Chi noi siamo e quando viviamo veramente, finora nessuno lo ha saputo. Ancora più oscuro, come e dove ce ne andiamo; i morenti si allontaano, ma in che modo? Un pò più di putredine, un pò di polvere, non si tratta di questo. La fama, buona o cattiva, passa nella memoria di qualche sopravvissuto e là si trattiene per un po’. Ma gli uomini, oggetto di questo epilogo, se ne vanno verso un fine ignoto. Anche il nulla, che gli increduli notoficano, è irrapresentabile, anzi in fondo ancora piu oscuro di un qualcosa che resti.
Uno esce dalla porta, ecco, non lo si vede piu.

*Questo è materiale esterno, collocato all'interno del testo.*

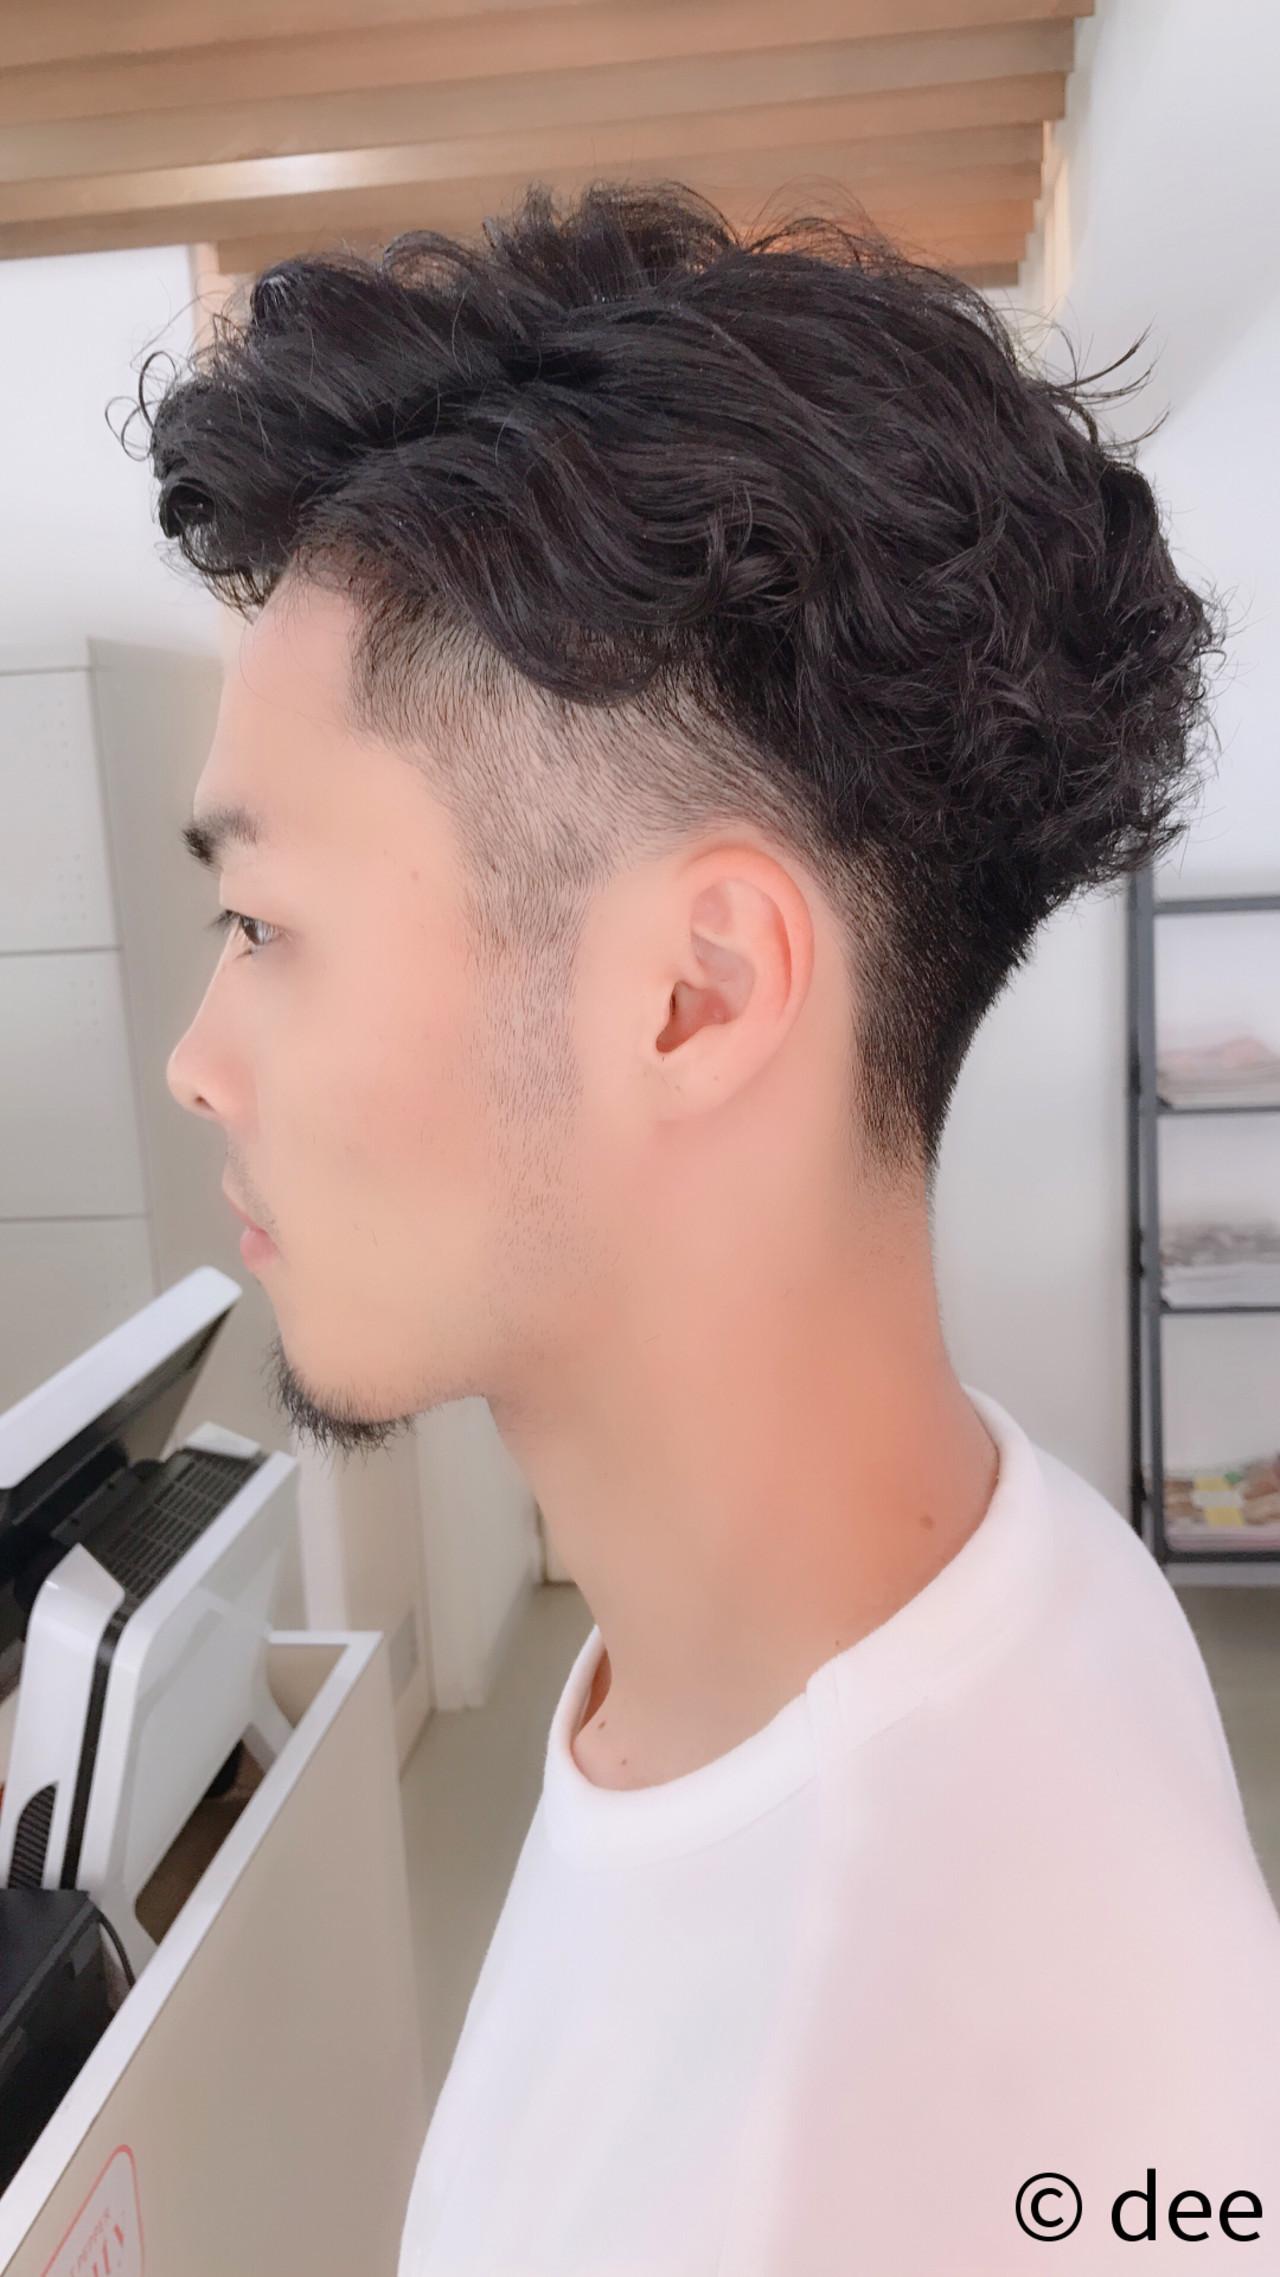 メンズヘア メンズ メンズパーマ ツーブロック ヘアスタイルや髪型の写真・画像

Anche lui scompare come se morisse, di colpo, il treno sparisce dietro la curva. Rimane tuttavia, anche nel caso di viaggi lontani e rischiosi, una differenza lampante, il vivente che parte resta sul nostro terreno, letteralmente: lo si può raggiungere al nostro livello senza bisogno di salire o di scendere. Il morente invece cambia di piano; semplicemente cadavere, va in un nulla irrapresentabile, che al massimo lascia il residuo di processi chimici, oppure sale, l’ “anima alata” scompare attraverso una grande porta aperta, situata in alto. La porta, per la quale egli se ne va, diventa una bocca che lo inghiotte, solo e vuoto quale ognuno di noi deve essere, affrontando da solo la morte; oppure diventa ingresso in qualcosa che non si sa e che non ha piu mura corporee. Quest’ultimo è l’esito “evidentemente” piu naturale, sebbene non se ne possa trarre alcun giudizio di realtà. Ma è singolare il modo in cui la porta colpisce emotivamente ogni volta che sia raffigurata in immagini o in storie; la parete rivolti alla quale ci si addormenta è la porta della morte.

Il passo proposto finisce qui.